*Input data*.
# # # # # # #

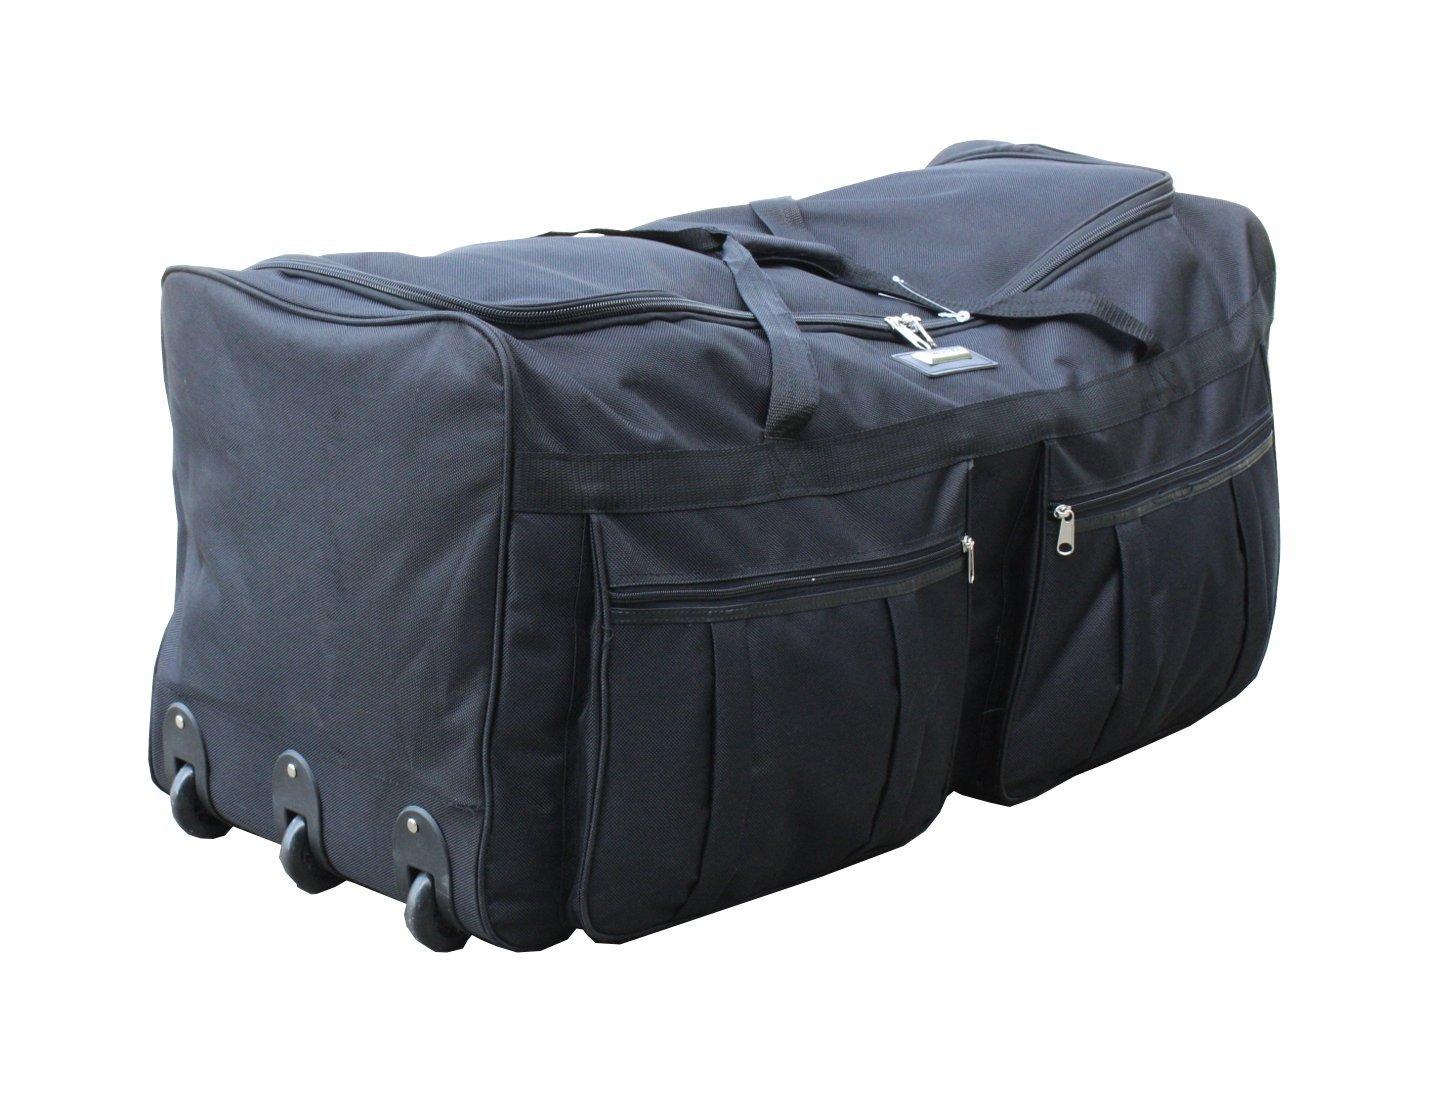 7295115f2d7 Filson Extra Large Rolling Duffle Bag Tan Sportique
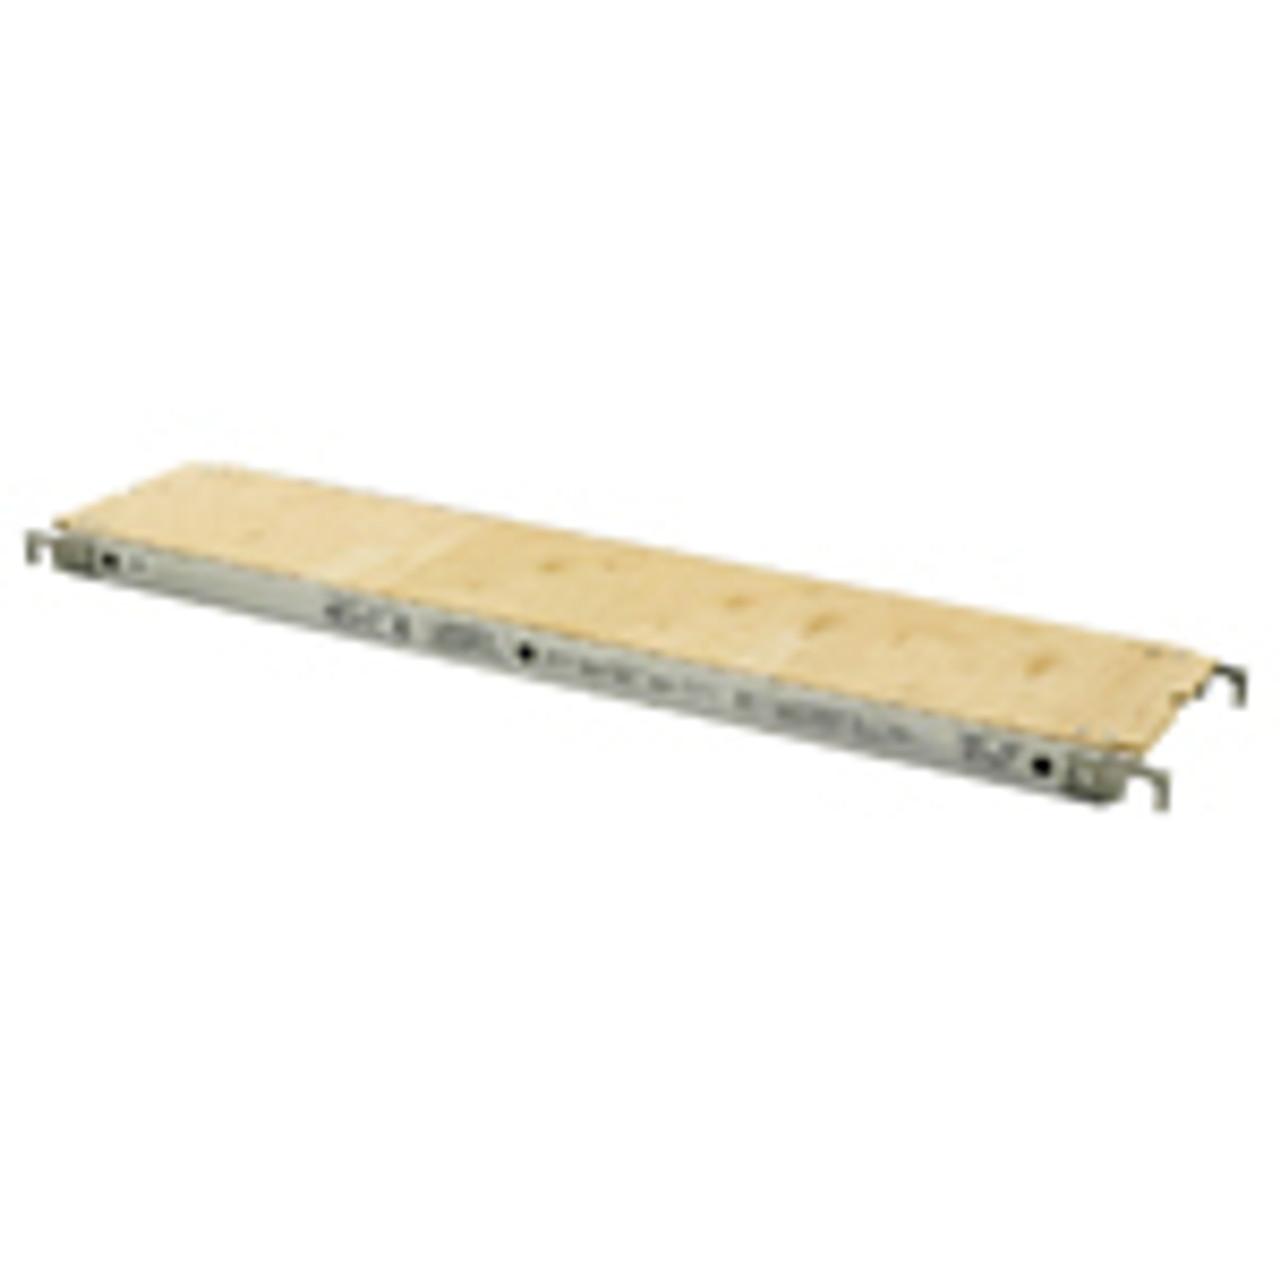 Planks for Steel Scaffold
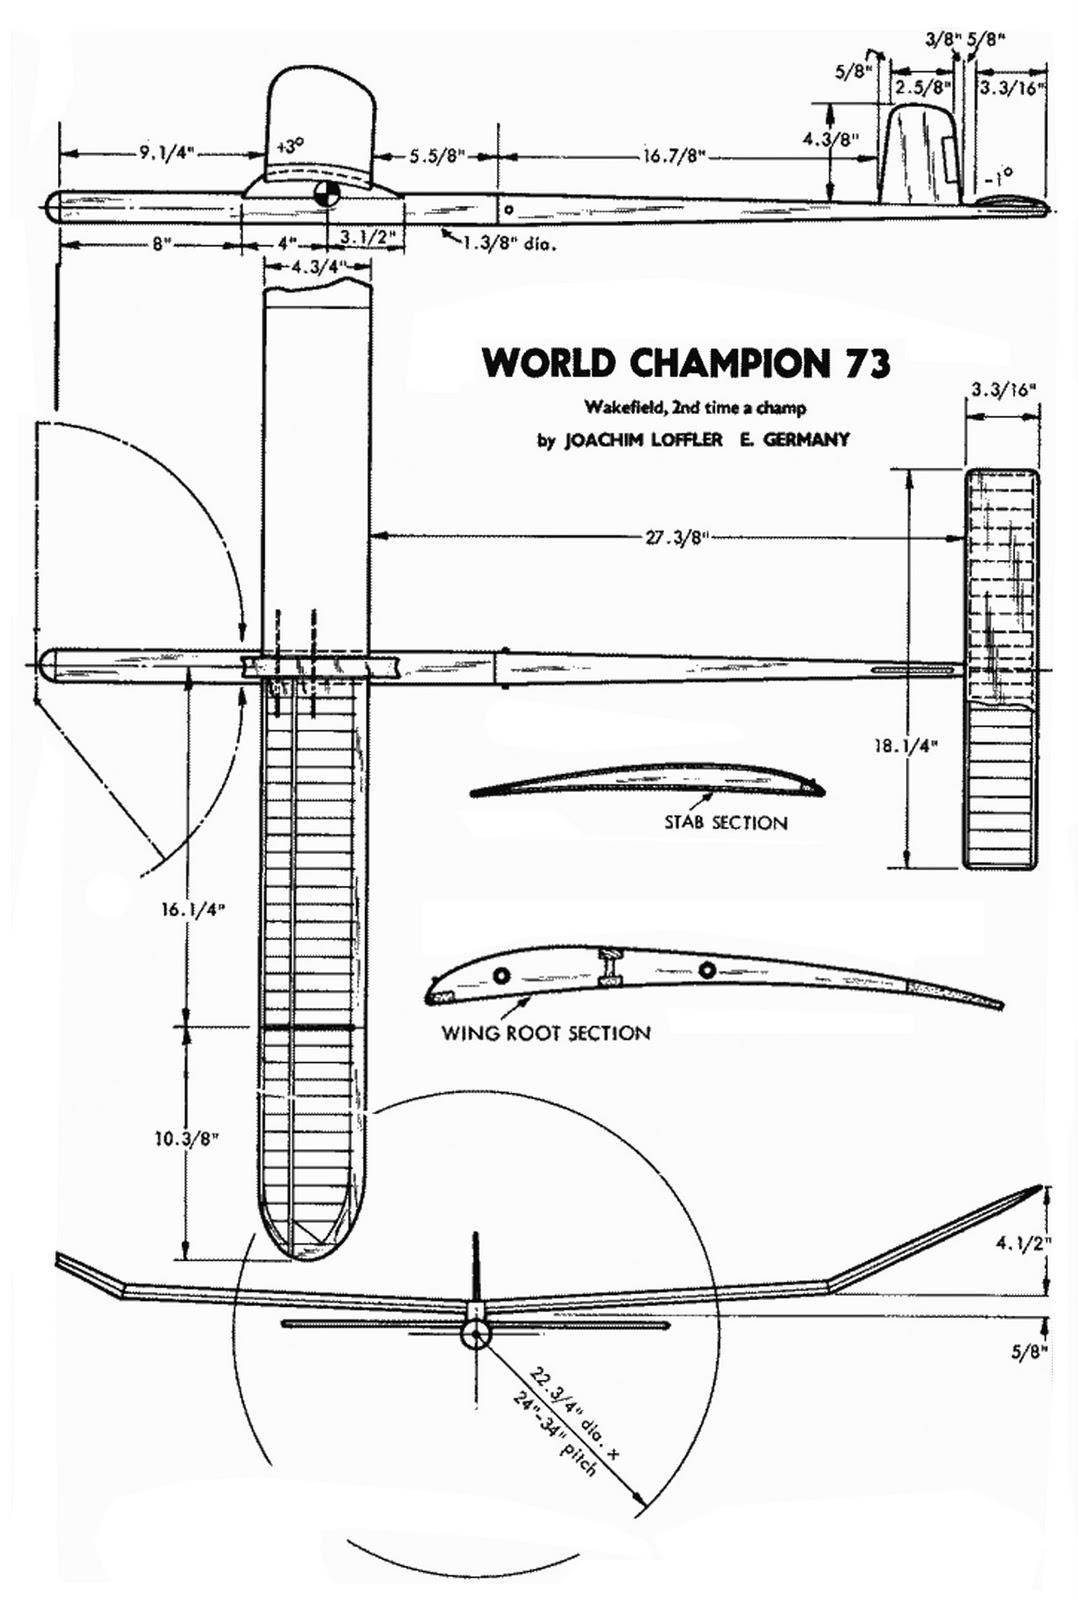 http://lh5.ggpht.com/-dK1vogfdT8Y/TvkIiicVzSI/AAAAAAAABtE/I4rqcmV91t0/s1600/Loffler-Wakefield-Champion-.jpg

# # # # # # #

*Exercise prompt*.
When you return the listing, keep it exact and omit any pictures it holds.

*Response to the task*.
 7295115f2d7 Filson Extra Large Rolling Duffle Bag Tan Sportique
 Planks for Steel Scaffold
 http://lh5.ggpht.com/-dK1vogfdT8Y/TvkIiicVzSI/AAAAAAAABtE/I4rqcmV91t0/s1600/Loffler-Wakefield-Champion-.jpg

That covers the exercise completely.